So the Supreme Court, for the second time, has now taken a pass on ruling on whether ERISA plans can contain forum selection clauses. As this article notes, a number of courts have enforced forum selection clauses in ERISA-governed plans, essentially treating them the same in that context as they would be treated in an action involving a typical private contract, where parties are generally free to select a forum for their disputes.

The on-going dispute over the question of whether plan sponsors can properly include forum selection clauses in plans, and the Supreme Court’s most recent pass on the issue, always makes me think of a comment I recently heard from a federal court judge, who was speaking about her sense that ERISA litigators tend to see themselves – and the area in which they work – as unique and distinct (we are, by the way, and so is the area in which we work!). The judge said that she felt the message from the Supreme Court in its various decisions over the years on ERISA cases, including on what issues not to even consider, was that ERISA is not a world of “special snowflakes” (the judge’s words, not mine) and that most ERISA issues should be governed by the same procedural and substantive rules as would govern most other private, commercial cases, unless there was something in the statute itself dictating a different approach. In other words, I think, this judge would argue (and these are now my words and my speculation, not hers) that since ERISA does not expressly address the propriety of forum selection clauses, the generally applicable standards in the federal courts should govern the issue.

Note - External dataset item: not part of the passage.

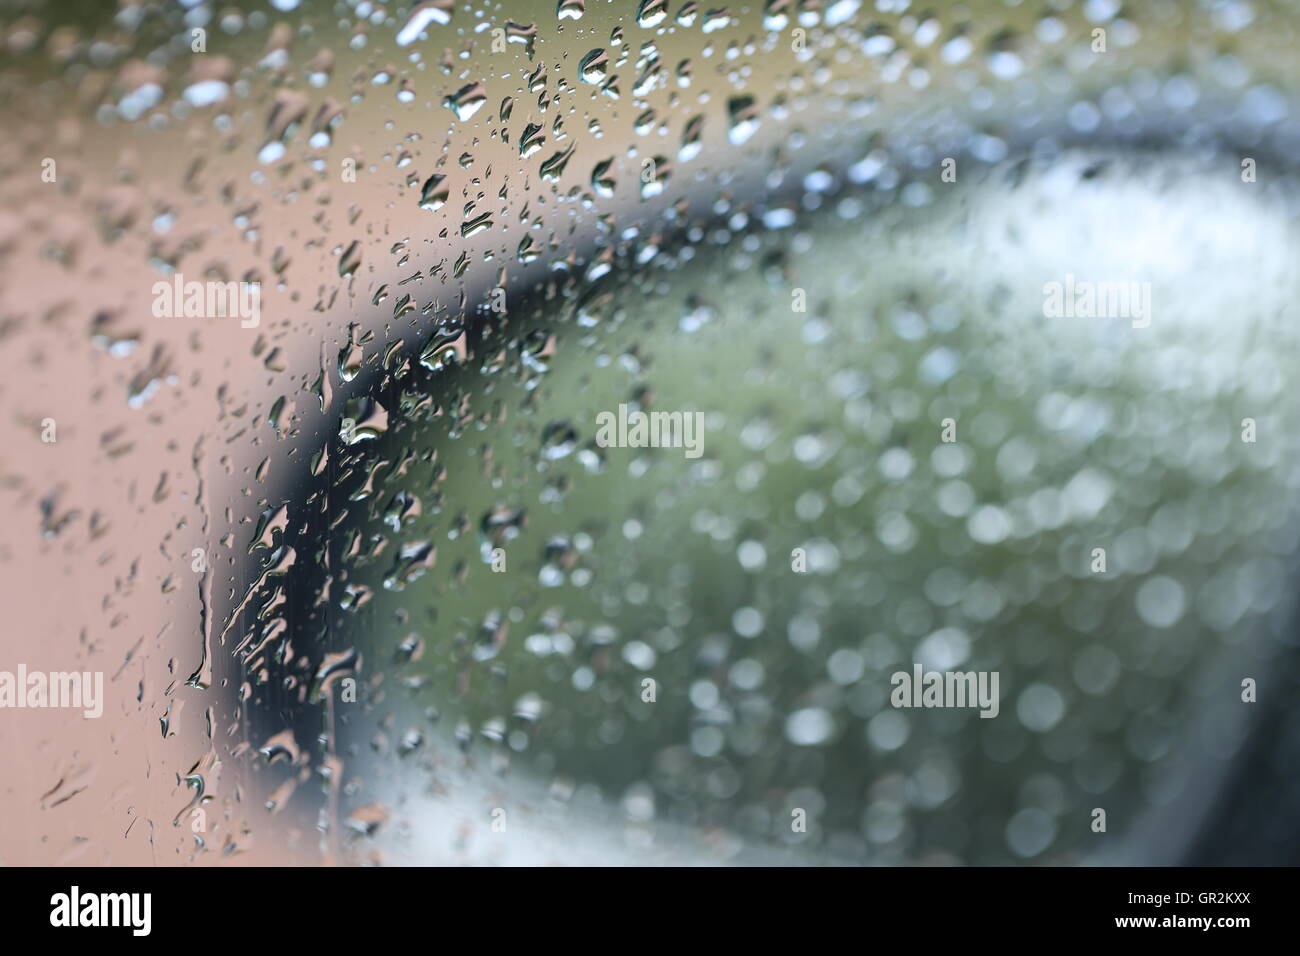 Wet Car Side Mirror. Side mirror of a car through the windshield in the rain. Rain drops on the car glass window. Stock Photo

At the same time, though, the statute does contain an express venue provision, but one which admittedly does not expressly void private contracting over venue. It is widely accepted that the venue provision in the statute provides broad venue options to plan participants, and that Congress intended to remove procedural barriers to obtaining redress. Now, I have to say that this depiction has become settled dogma, and I have often wondered whether the statutory history actually supports this assessment as to why the statute contains such a broadly worded venue provision, but nonetheless, this is the interpretation of the statute’s venue provision that we currently operate under. If that premise is accepted, though, it becomes hard to argue with the alternative view that, in fact, when it comes to venue, ERISA is a “special snowflake,” and so too are those who sue under it. If the statute was specifically given a broad venue provision for the express purpose of more fully arming plan participants who sue to enforce their rights, than clearly the statute requires treating any issue involving venue as unique to ERISA and its context, and not just like any run of the mill federal court action.